EU implications in the project

EU alternative fuels policy

23The European Union actively supports the use of LNG, as the main alternative to pipeline gas. In 2014 the European Commission proposed a Directive to ensure “a minimum coverage of the corresponding recharging and refueling infrastructure” to encourage the development of alternative fuels as LNG is largely used in Europe, and in 2017 proposed the Action Plan on alternative fuels infrastructure (European Commission, 2017).

24In 2016, the European Commission presented the energy security package and the Union’s strategy for liquefied natural gas and gas storage (European Economic and Social Committee, 2016). The Strategy outlined the key points to improving access of the Member States to LNG: creation of the internal energy market and ending “dependency of certain Member States on one gas supply source”. It also underlines the importance for the Union to become a player on the international LNG market.

25Currently, the EU does not depend on Russian LNG because the need in the natural resources is covered by the pipeline gas. However, as the necessity to diversify the suppliers of gas in Europe emphasized (Wilson, 2015), the EU is planning to import LNG from the US, Australia, and other countries. The two major areas, concerning the Yamal LNG project, where the European countries, despite the sanctions and turbulent political climate, remain involved are technology provision, as well as storage and transfer services.

Technology

26One of the leading European companies, actively involved in the Russian oil and gas sector, is French Total that has been present in Russia for more than 25 years. As Bros and Mitrova (2016, p. 5) note, the company has been striving for moving from the oil to other sectors, and involvement in the LNG business is helping it to kill “at least two birds with one stone – access to new resources and diversification of its activities”.

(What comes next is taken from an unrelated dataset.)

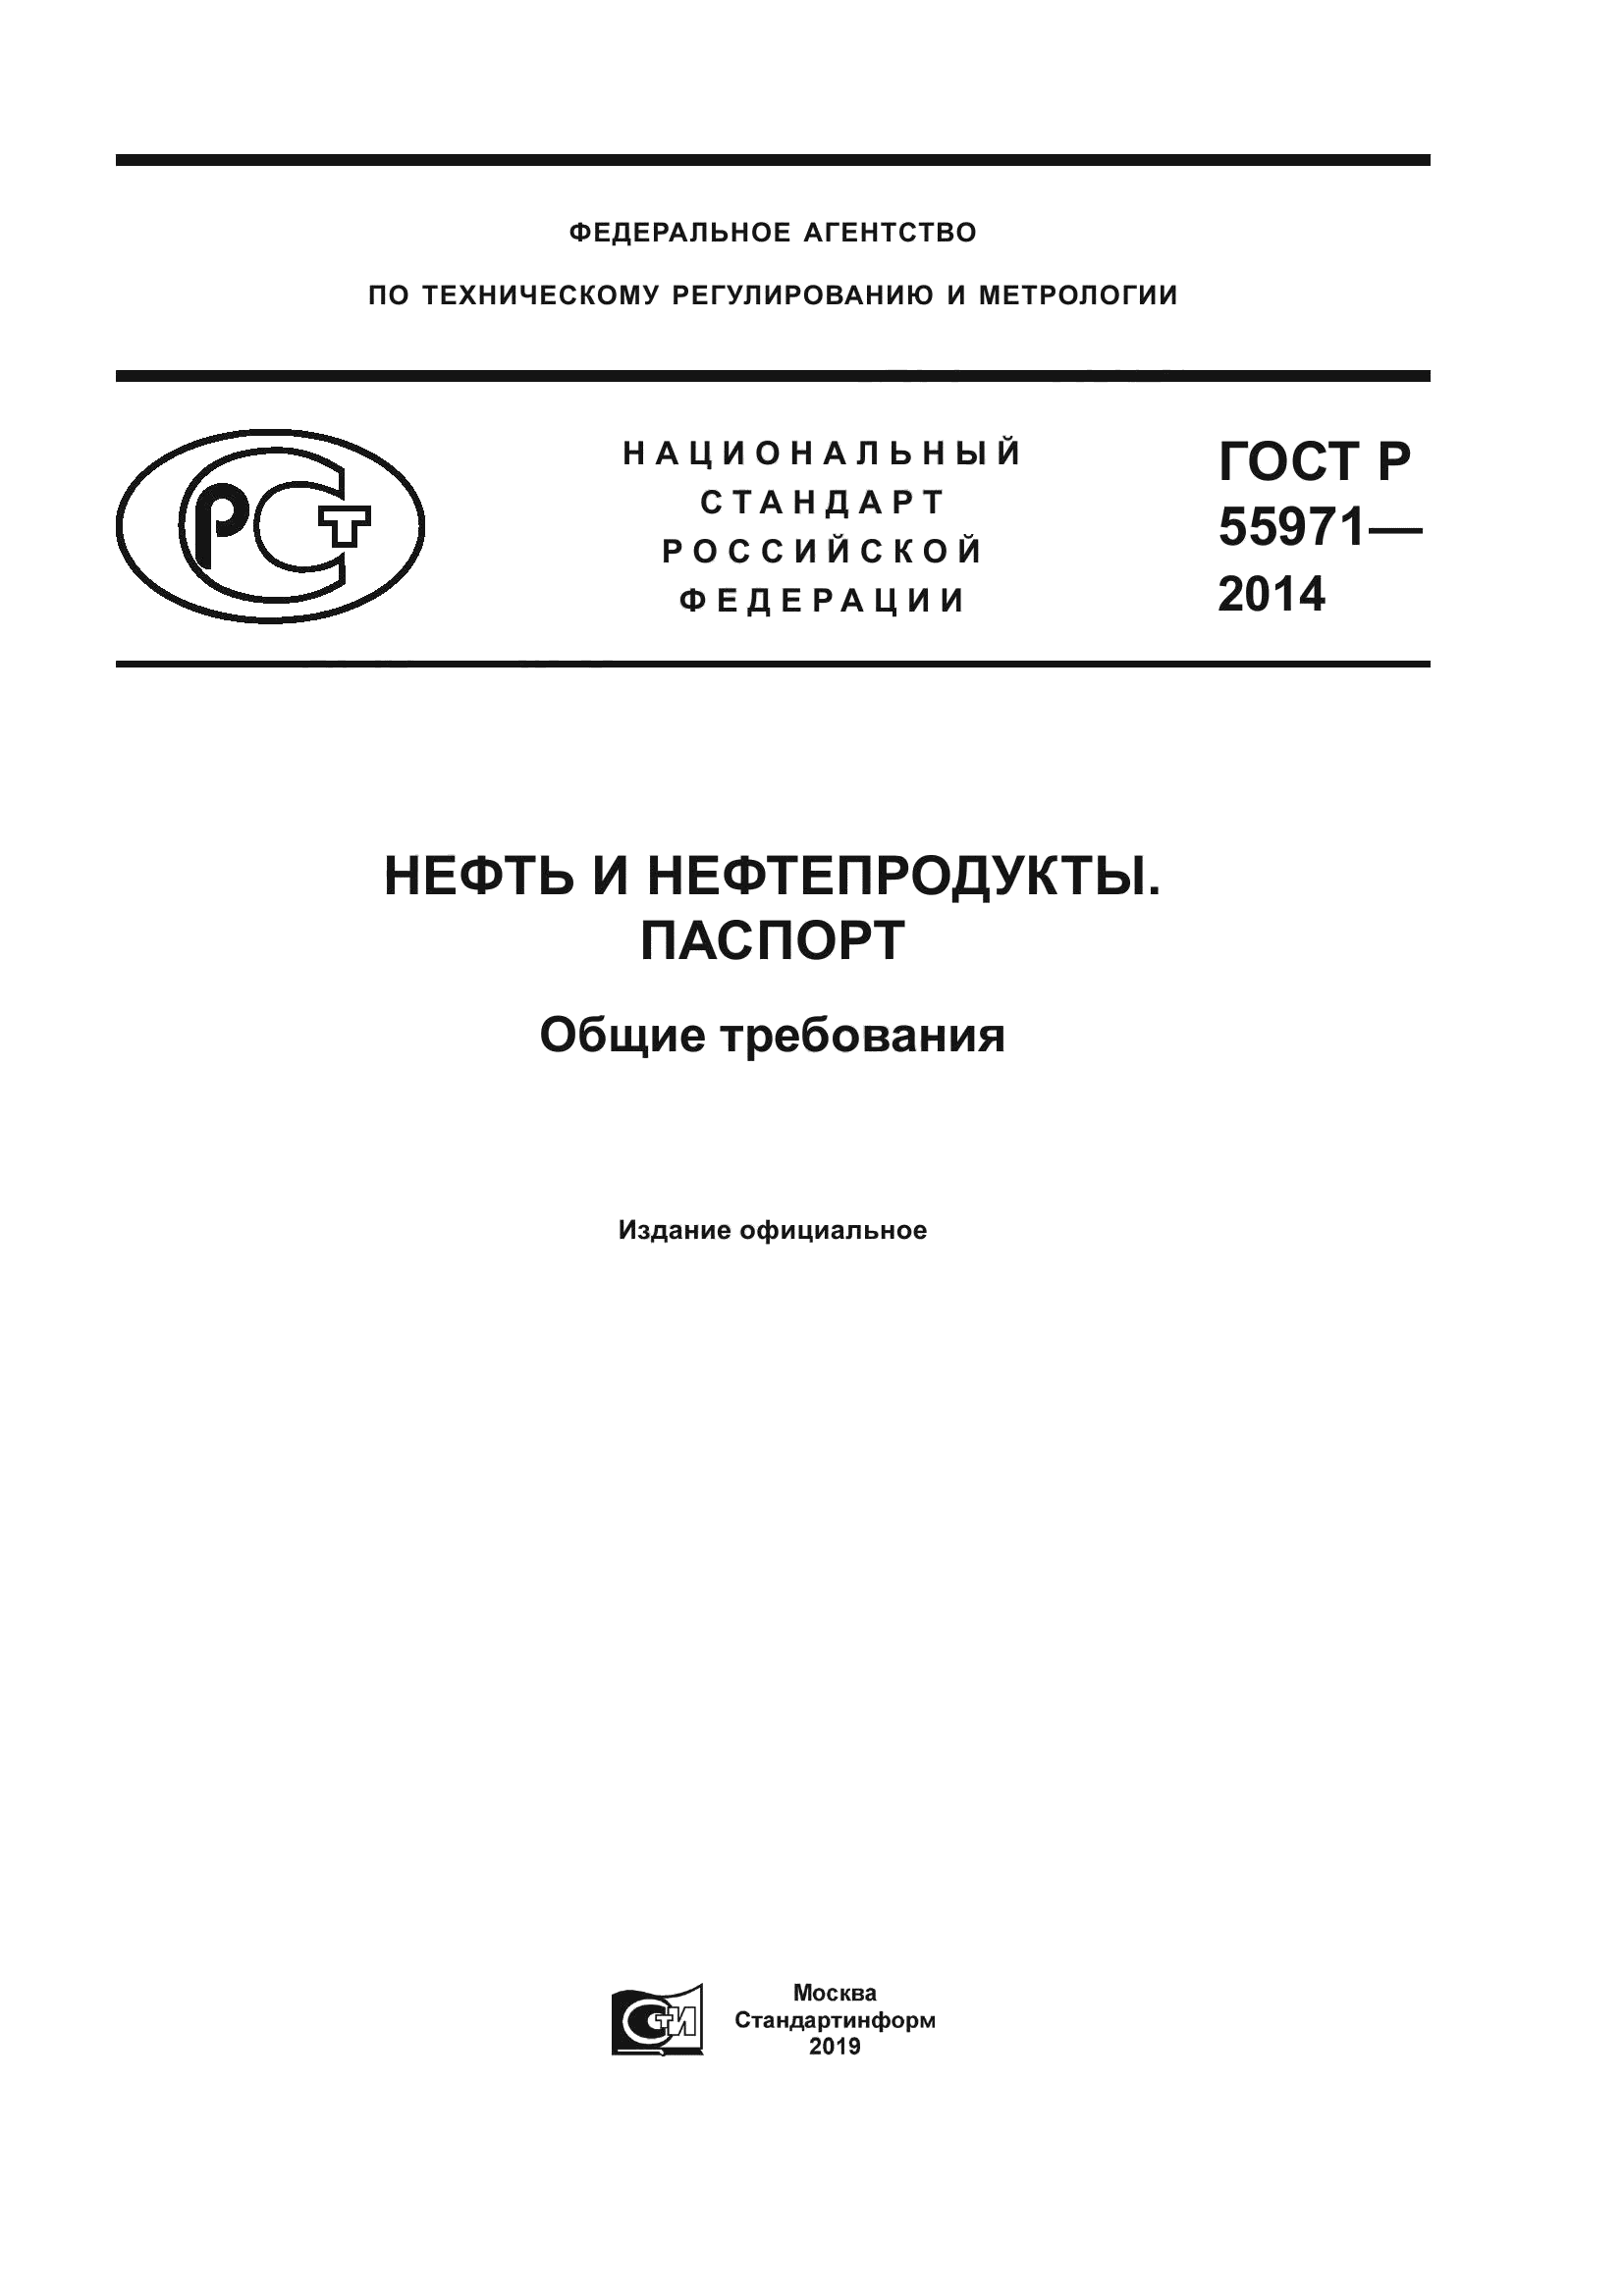 ГОСТ Р 55971-2014

27The Russian LNG industry is highly dependent on the advanced foreign technologies used in almost all the stages of production: preparation and construction of the plant and other facilities, liquefaction, loading and shipping of the gas. The core element of the LNG production, the technology that allows liquefying the natural gas extracted from the field, used in the Yamal LNG project is provided by the American company Air Products (Air Products, 2014). The general contractor for engineering, construction and procurement of the project is, for instance, South Tambey LNG – the joint venture of the French Technip FMC and Japanese corporations JGC and Chiyoda. German Siemens supplies components for a power station; Finnish Aker Arctic designed the icebreaker support vessels and layout of the harbor. Dozens of other European construction and transportation companies take part in the development and implementation of the project.

LNG terminals

28As prices for LNG are higher in Asia, it is more profitable to sell LNG to the countries in the region (Katona, 2018). Taking into account that parts of the Northern Sea Route are inaccessible during the wintertime, shipments to China and other countries pass by the Suez Canal. Using the ice-breaking LNG tankers is expensive in long navigation, so cargos from Yamal are sent to the northern European harbours, where the LNG is transferred to nonice classed vessels, which then ship the gas to the East. Ports like Rotterdam, Montoir, Dunkirk, Zeebrugge, Isle of Grain and other LNG terminals and gas hubs in Europe would benefit significantly from the project’s shipments. The LNG can also be stored and mixed with gas from other suppliers. Europe holds around 20% of the world’s LNG receiving and degasification capacity, and it is underused – utilization rate is about 25% in average. France, Belgium and the Netherlands are leading European reload capacity providers. For some LNG terminals, like Dunkirk, the Yamal LNG shipments may help to double the workload per year (Duran, 2018).

Sanctions

29Due to the annexation of Crimea and Russia’s actions in eastern Ukraine, the United States imposed sanctions on some financial operations, energy sector, and, personally, the second largest shareholder of Novatek, Gennady Timchenko. Starting from March 2014, The European Union has also been imposing restrictive measures against Russia “in response to the illegal annexation of Crimea and the deliberate destabilisation of Ukraine”, targeting the military and energy sector. Economic sanctions included inter alia “limitation of access to EU primary and secondary capital markets for certain Russian banks and companies”, and “curtail-ing Russian access to certain sensitive technologies and services that can be used for oil production and exploration”. The sanctions particularly targeted access of Russia to the EU capital markets, banning EU nationals and companies to provide loans for more than 90 days, and restricted “exports of innovative extractive technology used by Russian companies to develop deepwater, Arctic and shale oil reserves” (European Commission, 2014). The EU Energy Commissioner Günther Oettinger stated that “there is no reason for us to help promote the growth of their industry and develop new resources for gas and oil” in the Arctic, and proposed to “put this equipment on the list of sanctions” (Euractiv, 2014).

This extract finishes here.